Feb 10th 2015

Jindal: from Rhodes Scholar to Dangerous Demagogue

by James J. Zogby

Dr. James J. Zogby is the President of Arab American Institute

A few weeks back, Louisiana Governor Bobby Jindal delivered a speech to the Henry Jackson Society in London focusing on the dangers "radical Islam" poses to the world's "freedom loving people". Far from a serious discussion, the speech amounted to little more than a dangerous mix of trite sloganeering and reckless jingoism. Jindal is no simple-minded demagogue like Sarah Palin or Michele Bachman. Because he is a Rhodes Scholar and a presidential aspirant, one supposes that he thought through his remarks.

While Jindal claimed to be addressing the threat from "ISIS and all forms of radical Islam", he got carried away with his rhetoric and ended up raising questions about Islam and Muslims, in general. For example, after noting in his remarks that he had no interest in defaming any religion, he disingenuously asks "How many Muslims in this world agree with these radicals?...I hope its a small minority. But it is clear that far too many do". He later adds this thought, "A so-called religion that allows for and endorses killing those who oppose it is not a religion at all, it is a terrorist movement...Let's be honest, Islam has a problem...OK, it is their problem and they need to deal with it". Jindal goes on to demand that Muslim leaders condemn these radicals stating that "if they refuse to do it, then they are part of the problem". 

Even more dangerous and inflammatory was the sub-text to Jindal's speech in which he warns about "non-assimilationist Muslims" moving to the West where they have taken advantage of the "wide berth" democracy provides and have established "their own nation within a nation", "no-go zones", where they impose "their own set of laws".

Like Palin and Bachmann before him, Jindal's charges are flat out wrong. Our polling shows that extremist violence has scant support across the Arab World. Most Muslim religious institutions have condemned the violent groups that use religion to justify their actions, as have the many Arab and Muslim states that have declared war on ISIS and other forms of "radical Islam".                                                                                                                               

Further, the charge that there are "no go zones" in Western democracies has been repeatedly debunked.

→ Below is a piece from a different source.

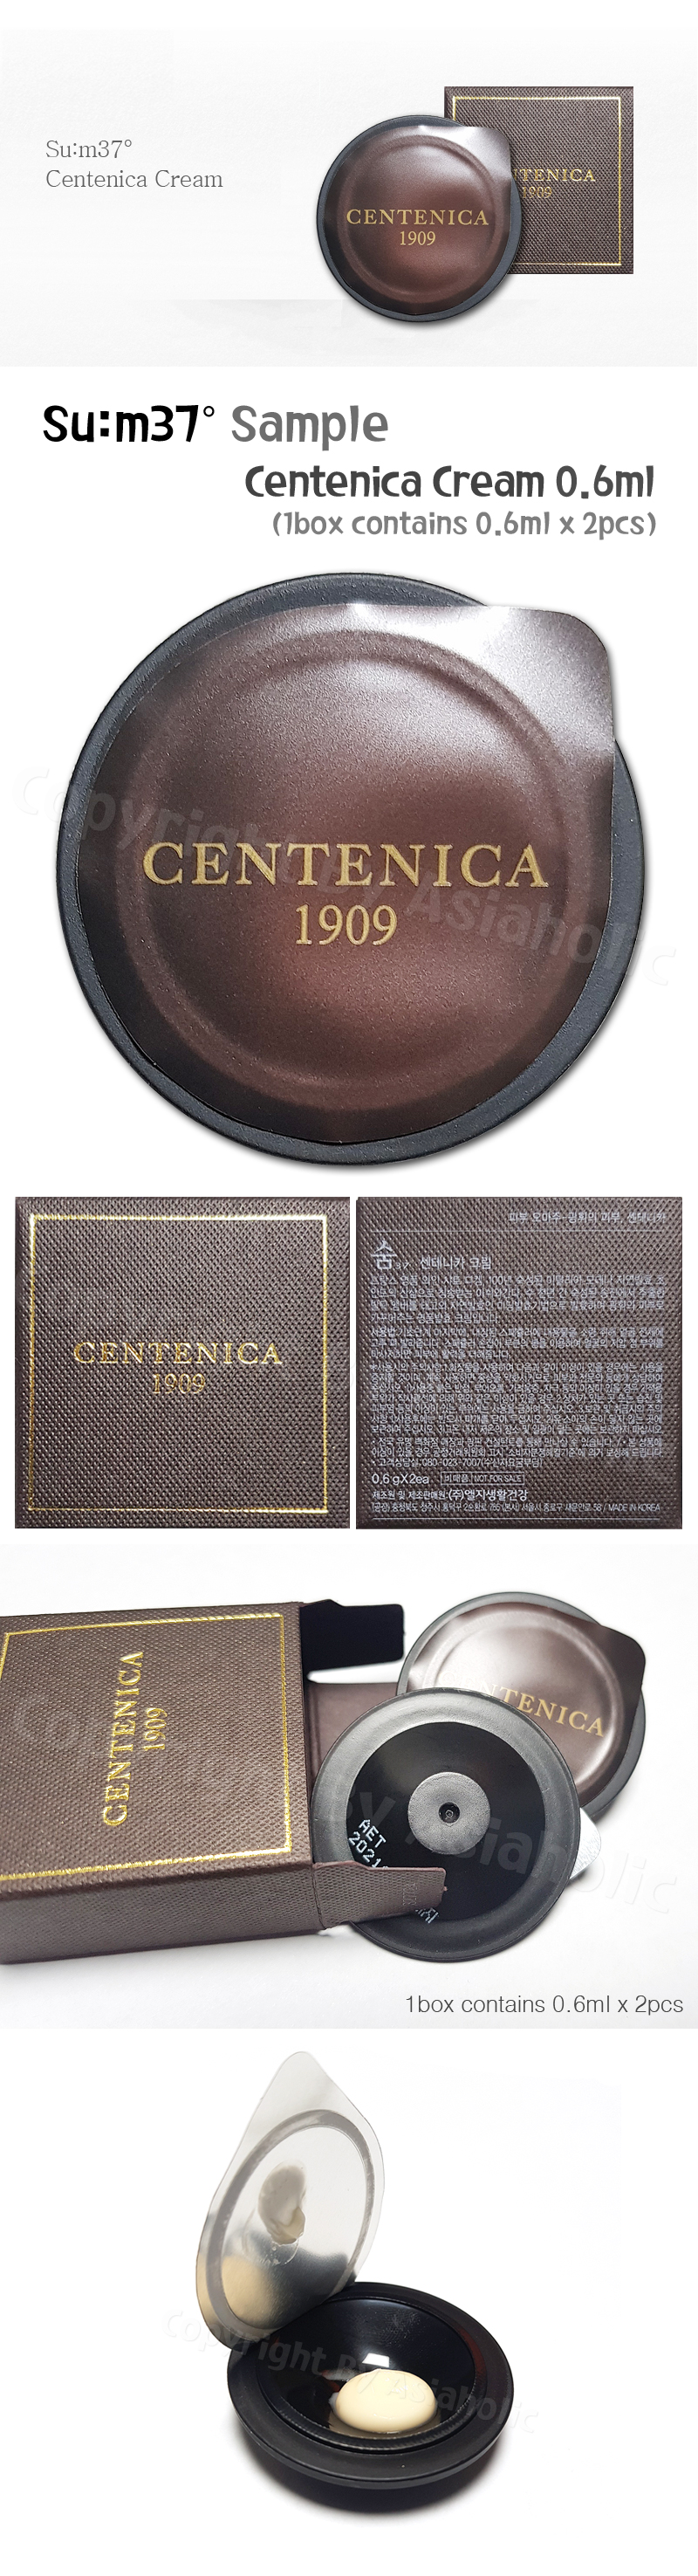 SU:M37 Centenica Cream 0.6ml x 6pcs (3Box) Premium Sample Sum37 Newest Version
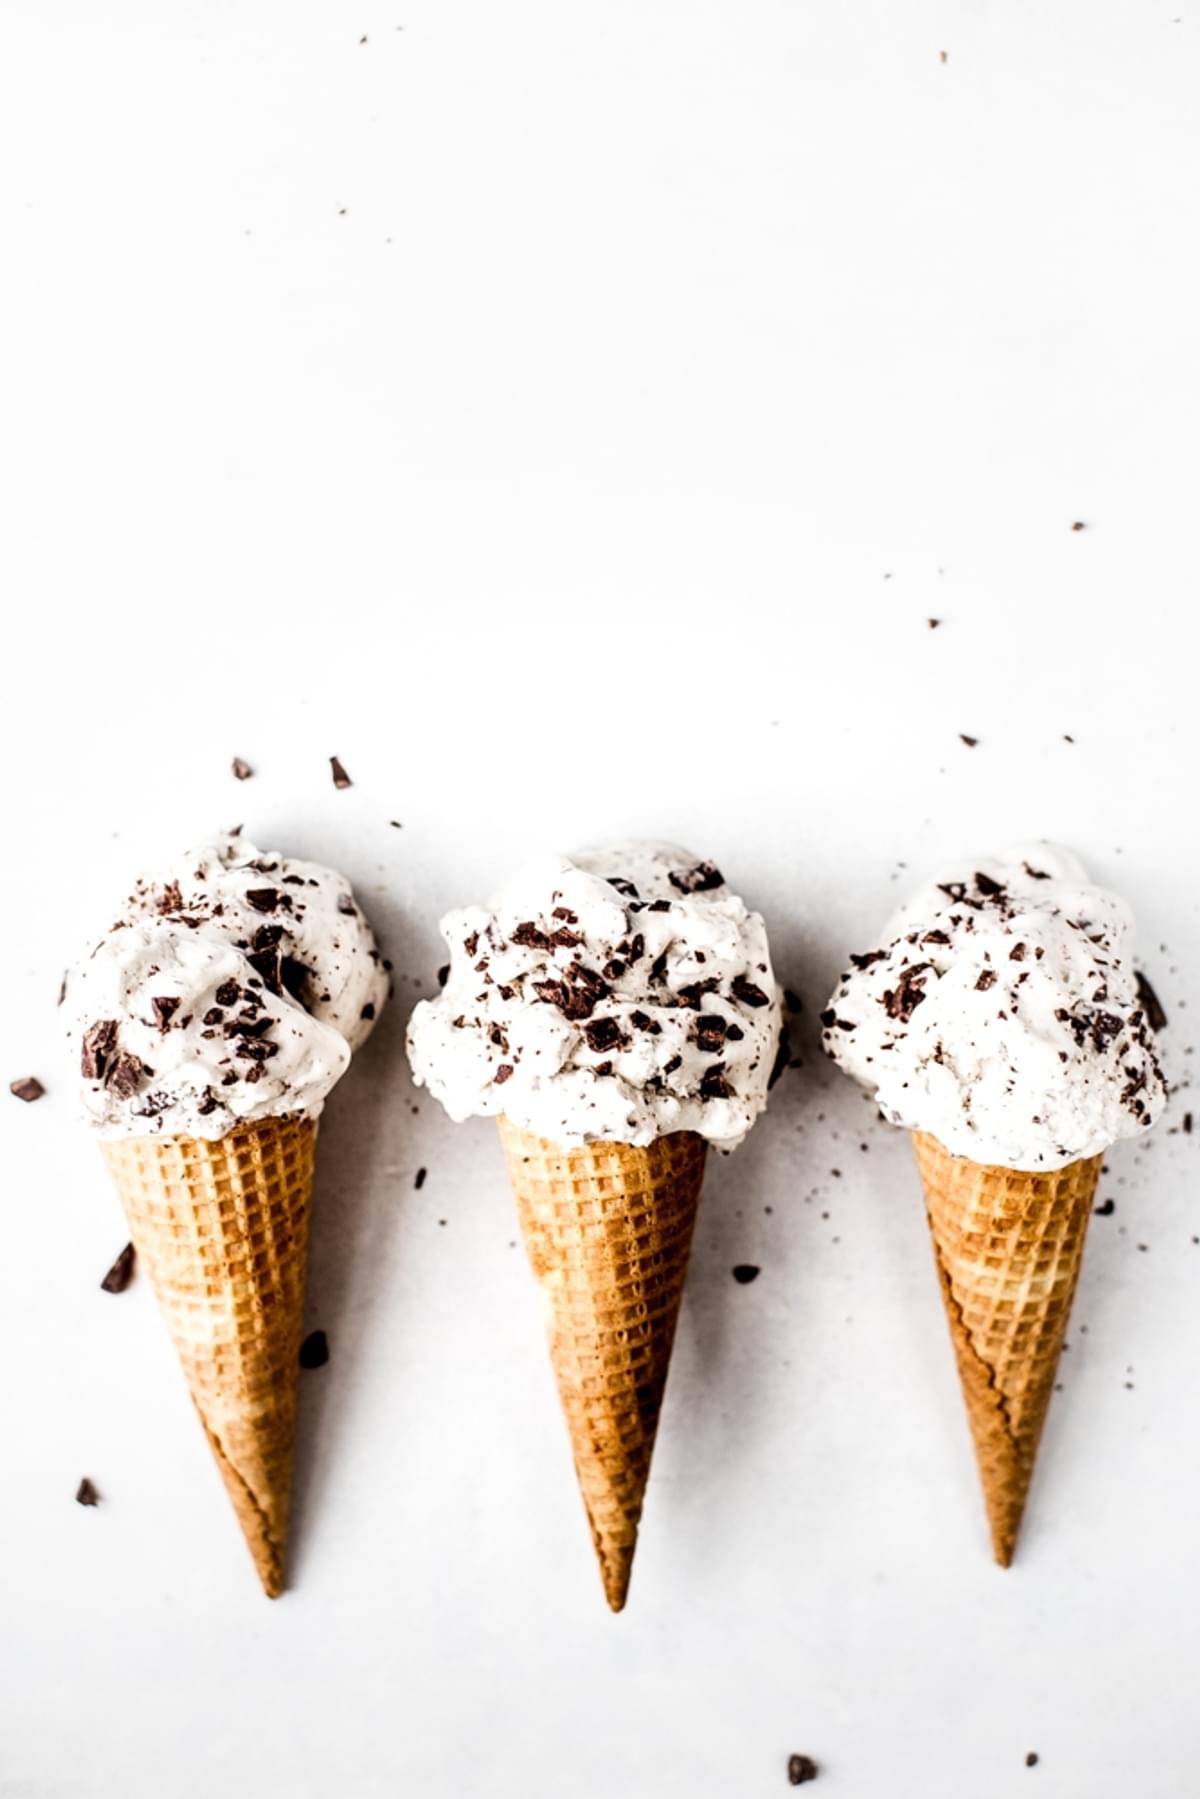 three ice cream cones filled with Vegan Mint Chip Ice Cream

When a so-called terrorism expert made that claim about Birmingham, UK on Fox News, British Prime Minister David Cameron called the "expert" "clearly a complete idiot".  Fox News apologized three times for this slanderous remark. But not Jindal. Following his London speech, he repeated the charge several times, even suggesting that "if we're not careful the same no-go zones you're seeing now in Europe will come to America" complete with the "imposition of Sharia law". He continued, saying that it was "not acceptable [for] people who want to come and conquer us. That's not immigration...that's colonization...if they don't want to be Americans, they shouldn't come to America".  The reality, however, is that we have Muslim Americans in Congress (one of whom is a former law enforcement official who now sits on the House Intelligence Committee), and Muslim Mayors, and City Council Members, and State Representatives, and Judges, and Police Chiefs—all of whom are Americans who uphold the US Constitution, and not Sharia Law.

What concerns me is not just that Jindal is dead wrong in his assumptions and allegations. More troubling is that his remarks suggest that the GOP, instead of learning from past failed attempts to exploit fear of Muslims, intends to double down on this theme in 2016. 

In 2008, then Vice-Presidential candidate Sarah Palin not so subtlety suggested that Barack Obama might be a Muslim and a whisper campaign caught hold attempting to make much of the Democratic nominee's middle name, Hussein. That didn't work, nor did the Republican Party's 2010 opposition to the effort to build a Muslim community center in lower Manhattan. Terming it a "Victory Mosque", 17 GOP Congressional candidates ran ads suggesting that if their opponent won, they would facilitate a Muslim takeover of America. Fifteen of the 17 lost. In 2012, Republicans tried Muslim-baiting again with 5 of the candidates running for the party's presidential nomination pledging that they would not appoint any Muslim to a post in their Administration or at the very least require that Muslim's take a special loyalty oath to America. Because Mitt Romney, a Mormon, was especially sensitive to religious discrimination, he refused to bite. When he became the GOP standard-bearer that issue died.

But that's not all. Despite the fact that no Muslim in the US has ever even suggested imposing Sharia law, in over two dozen states Republican law makers have attempted to pass anti-Sharia law legislation. And in every one, the efforts have failed.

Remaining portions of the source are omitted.